Etta has received bucketloads of praise for its work as a restaurant and deserves every bit of it, but it’s also one of the best bars in its vibrant Brunswick East neighbourhood. Co-owner Hannah Green opened her place off the back of a career as a sommelier in high-end restaurants such as Attica and Rosetta, so you’d assume she pays close attention to the drinks. She does. Her drinks menu packs a lot into a small space with everything there for a reason, whether you’re talking sake, sherry, craft beer or house-made sodas flavoured with yuzu or rhubarb. The wines on the list are a constantly changing collection of mostly small producers so you may not recognise many (or any) of the labels at first, but Green is one of Australia’s great wine communicators, brilliant at steering you in the right direction. Wines that started out as strangers soon become firm friends. 

The room helps the friendship, too. Light and airy – particularly when the weather is good and the front windows fold open to the street – it has a relaxed living-room vibe, if your living room included a lovely curvy marble-topped bar and elegant metal-legged furniture on a crisp terrazzo floor. 

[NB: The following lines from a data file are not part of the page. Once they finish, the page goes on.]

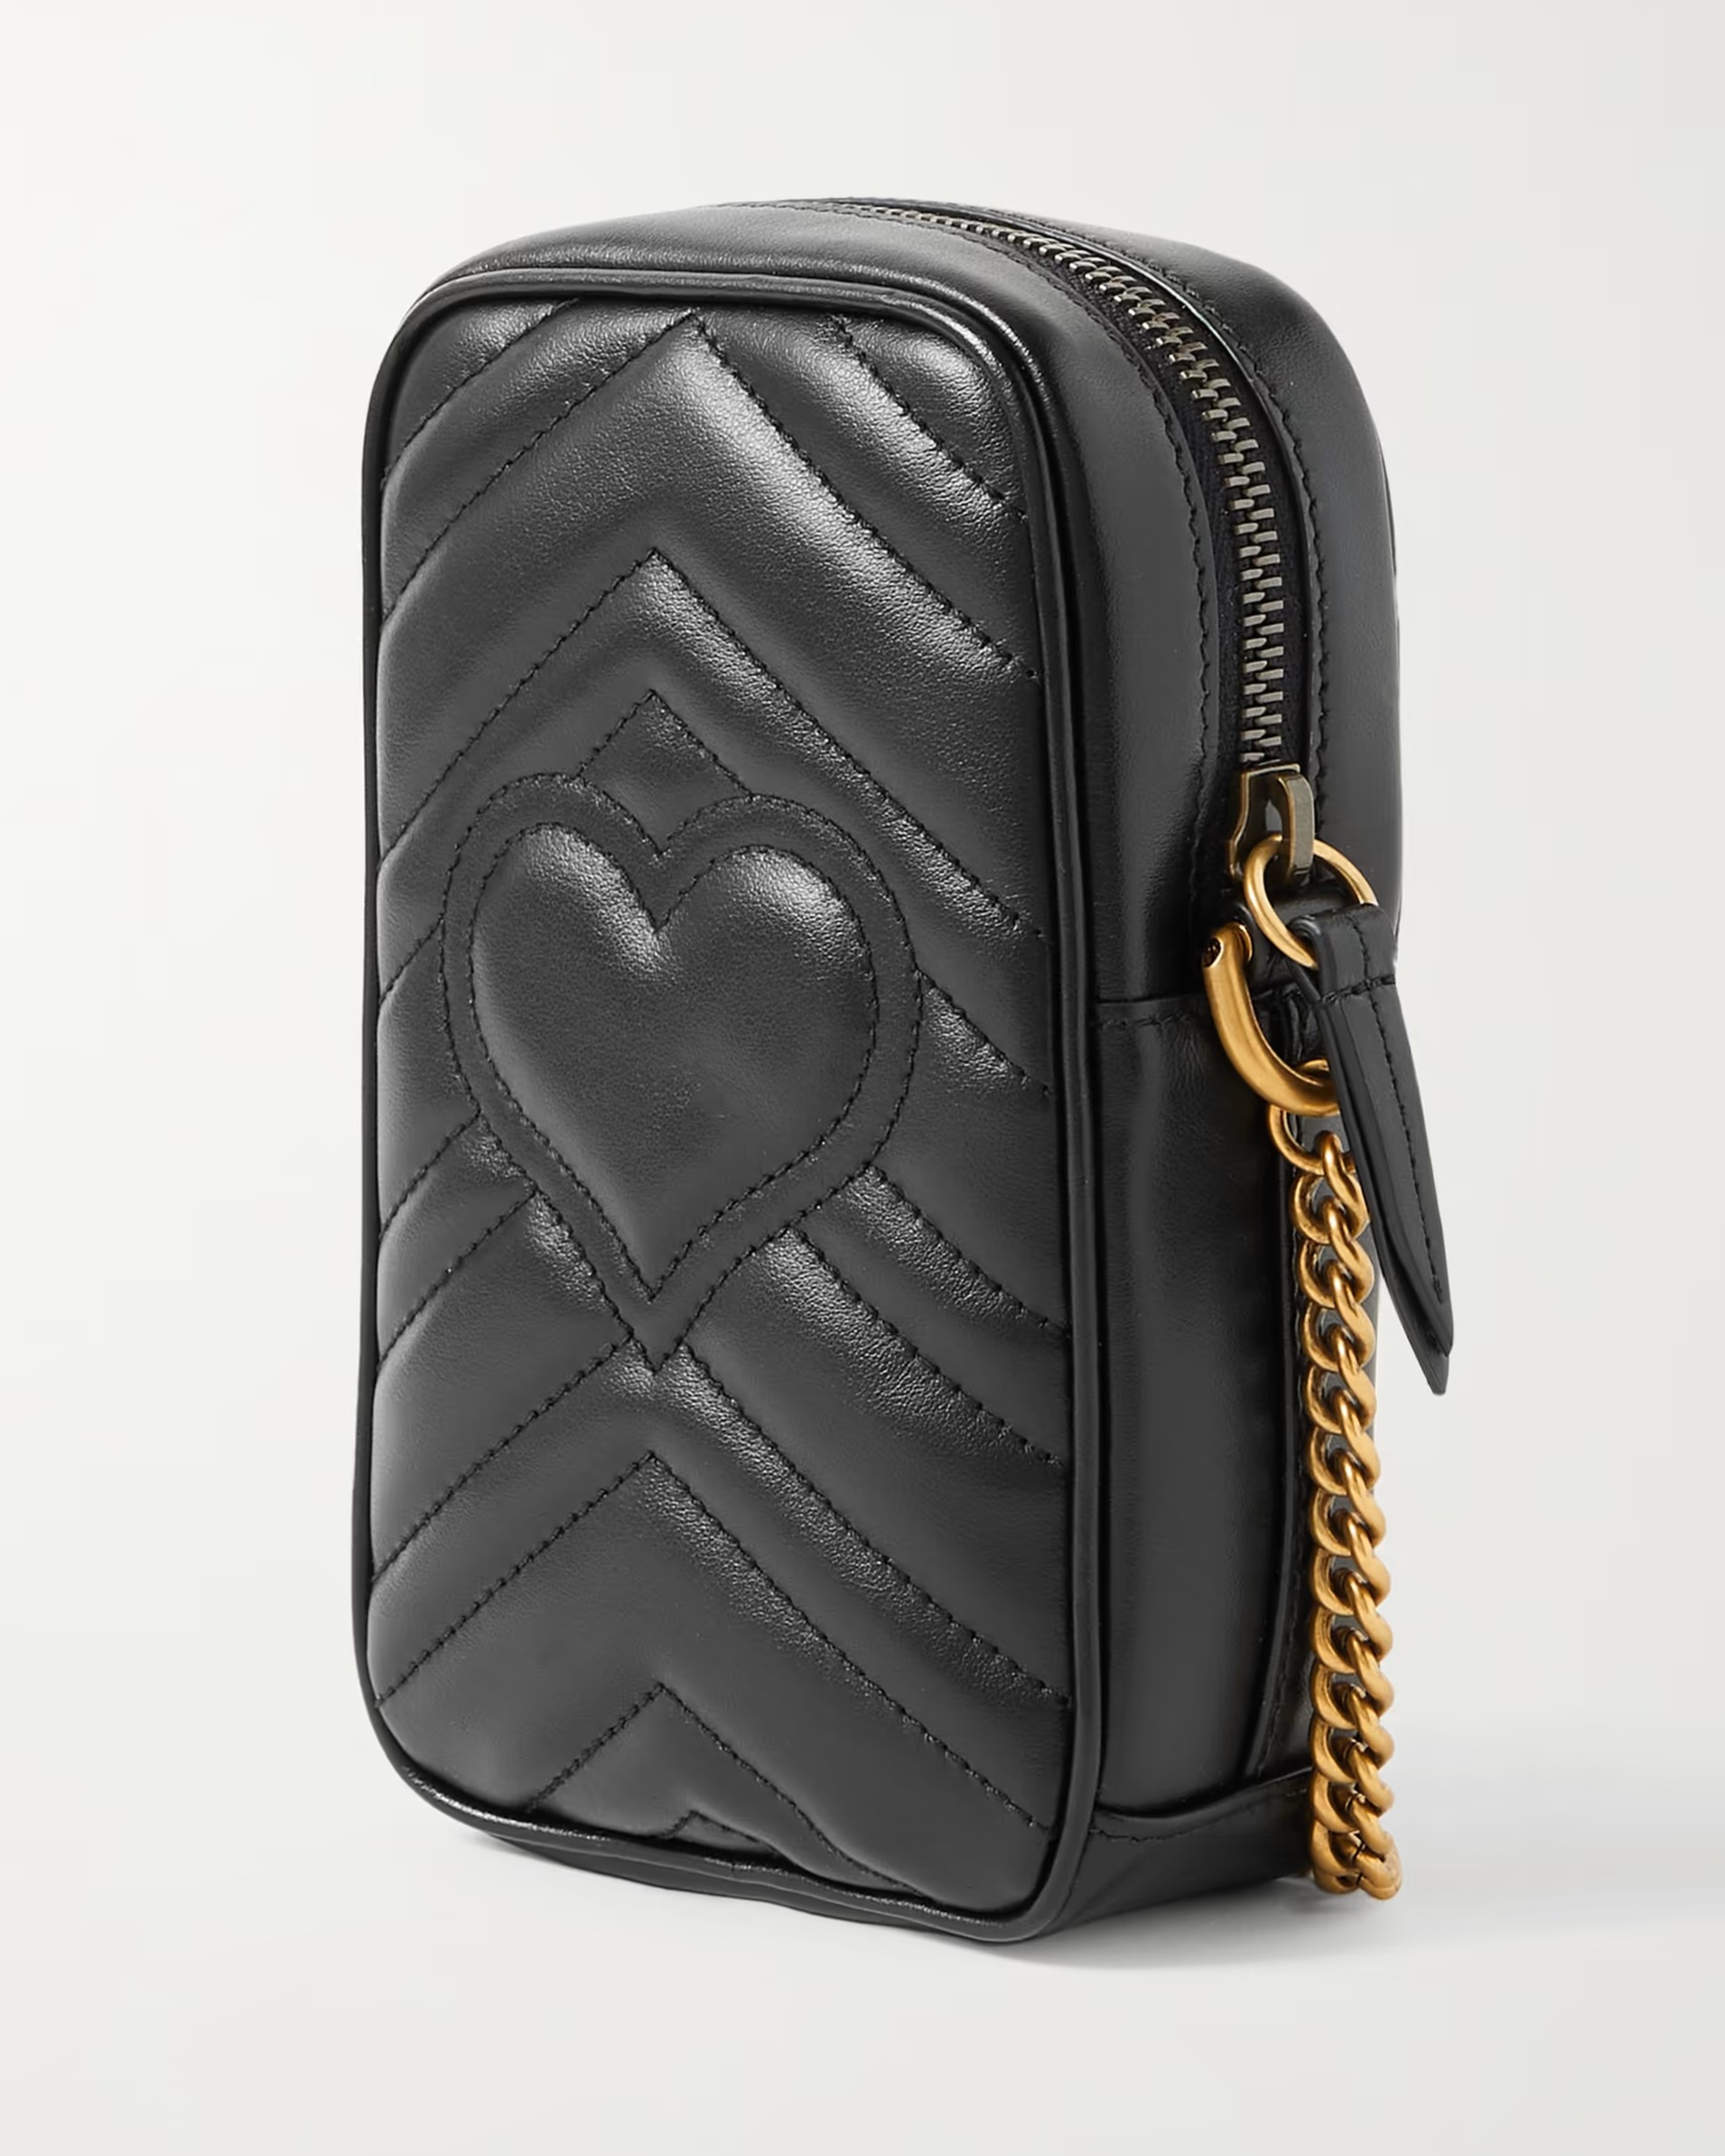 TÚI NỮ ĐEO ĐIỆN THOẠI GUCCI GG MARMONT MINI BLACK QUILTED LEATHER POUCH 5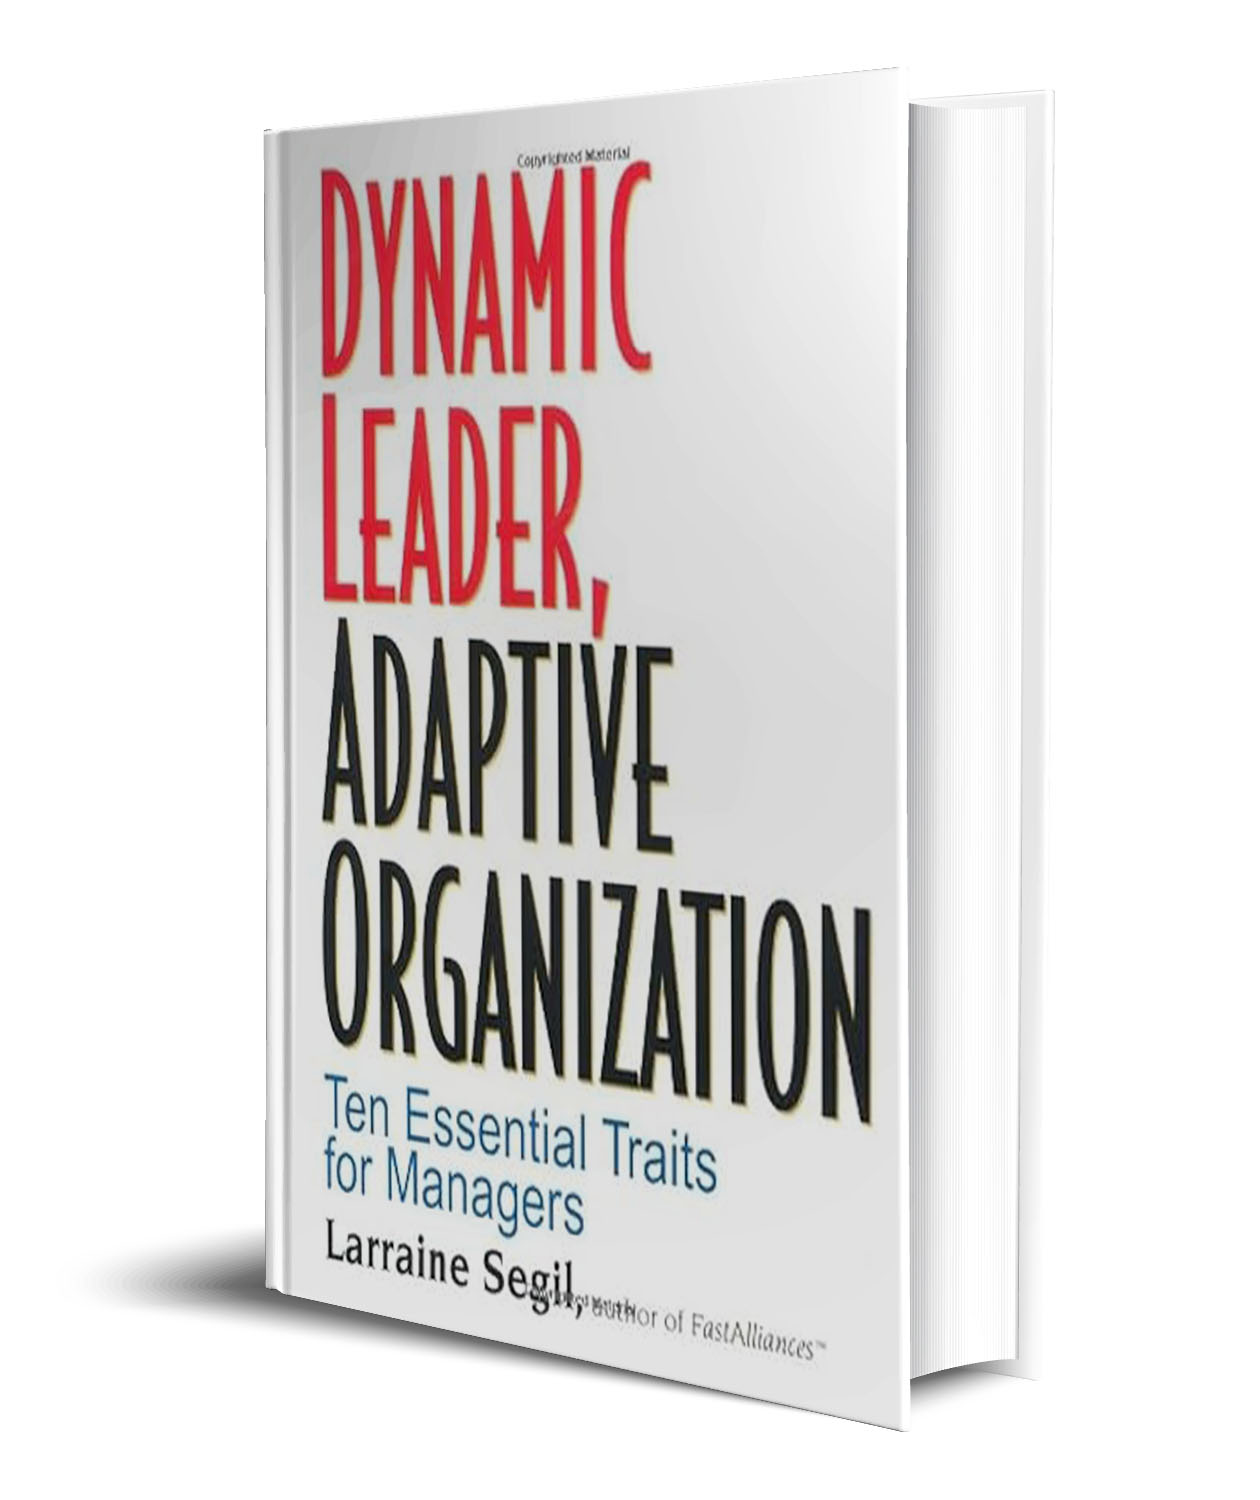 Dynamic Leader Adaptive Organization: Ten Essential Traits for Managers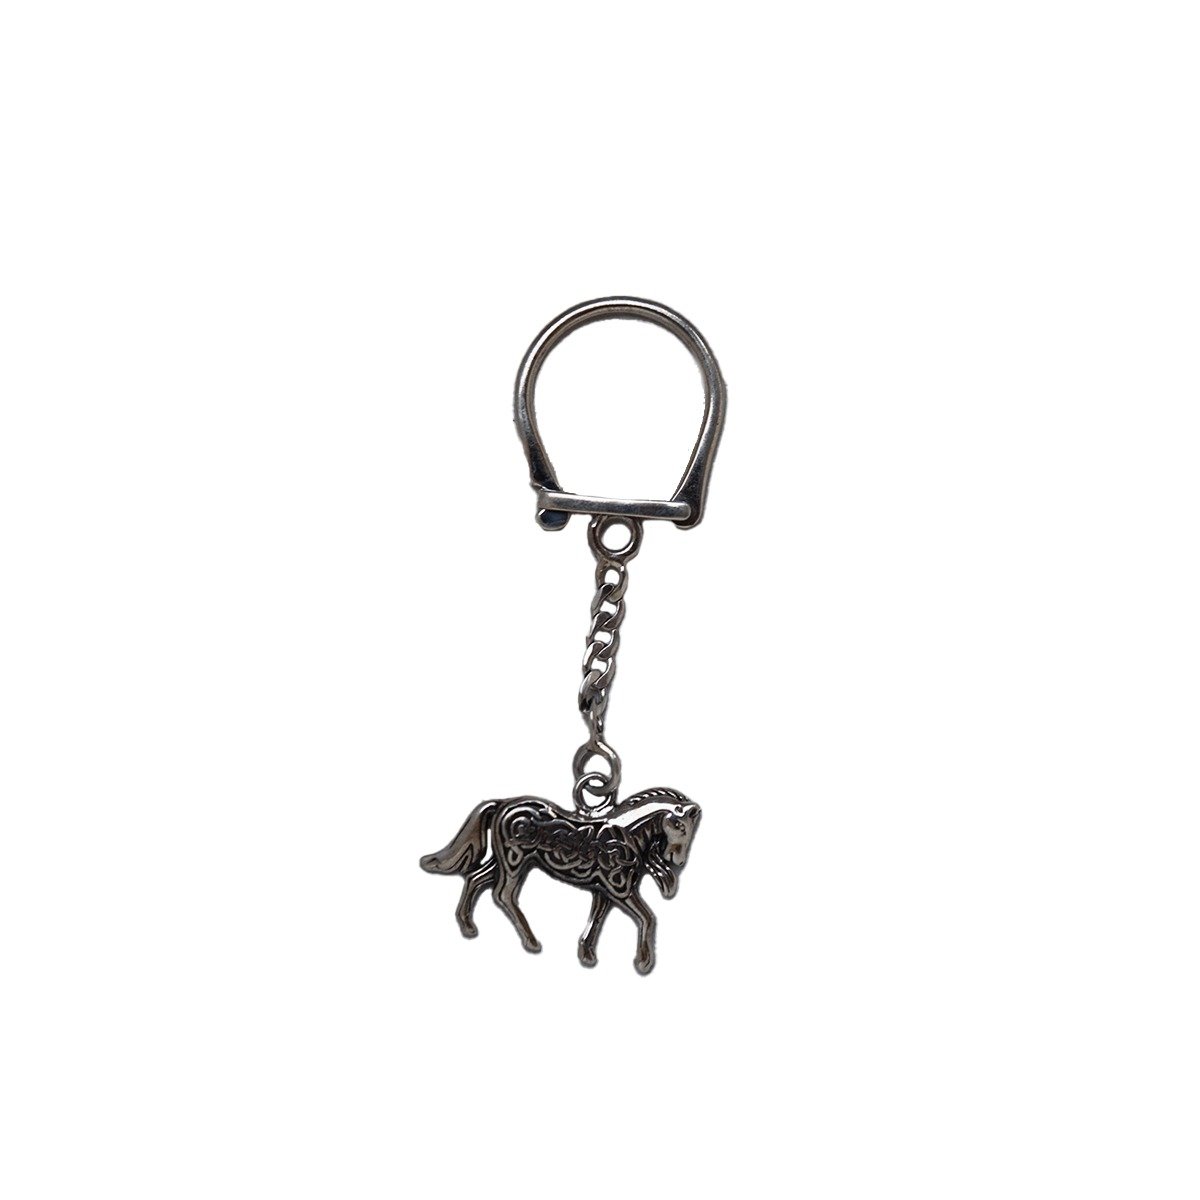 92.5 PURE SILVER HORSE KEYCHAIN

Not surprisingly, given this is a restaurant bar, the snacks are worthy of close attention. Whether it’s crisp fried tiny school prawns with curry leaves or pickled cucumbers teamed with fresh, mozzarella-like stracciatella cheese, the snacks here, like everything else at Etta, are going to make you glad you came.

Why you stay

Hannah Green’s talents don’t only extend to her ability to spot an excellent wine at a hundred paces. She’s one of those hospitality professionals with a knack for making you feel like you’ve come to the right place and that she’s genuinely glad you made it. The rest of the floor staff adopt the same attitude and are as adept at suggesting something to get you started – a freshly shucked Sydney rock oyster, perhaps, or an Etta Spritz, a refreshing mix of rosé, vermouth, grapefruit and soda – as they are at leaving you be if you just want to talk among yourselves. 

The charming, neighbourhood-bar friendliness makes it easy to settle back and order just one more drink and snack, so don’t be surprised to find yourself settling in for the long haul. It’s best to just give in to it and ask for suggestions for a bottle of wine to carry you through some of the larger dishes on chef Rosheen Kaul’s menu, perhaps a superb grilled pork rib teamed with an oyster sauce, storm clams grilled over charcoal and dressed with soy and fish roe, or pine mushrooms tossed with cured egg yolk and lap cheong, the Chinese sausage. Etta is the kind of place that will leave you feeling not just like a regular but a local. You may find yourself planning a return visit before you’ve finished the first.

people enjoying drinks in Etta bar
people enjoying drinks and food at etta bar
What drink to order

One of the great things about Etta is that the drinks list is so well put together it’s almost impossible to make a bad decision. Cocktails lean towards the classic, as in the Fish House Punch, which mixes Cognac, dark rum, peach liqueur, black tea and lemon, or a Rob Roy where Scotch makes great friends with sweet vermouth and bitters. 

The wines on the list mostly hang around Australia, France and Italy, but a few German and Austrian whites are worth considering and work well with the flavours on the menu. There’s a focus on minimal-intervention wine-making – producing so-called “natural wines” – but there’s nothing too funky or cloudy here and plenty for those who like their wines clean and classic.

Regular's tipIt’s a good idea to check with the staff whether anything special is being poured by the glass. Hannah Green usually has something extra open for those who are after a wine that’s a little off the beaten track.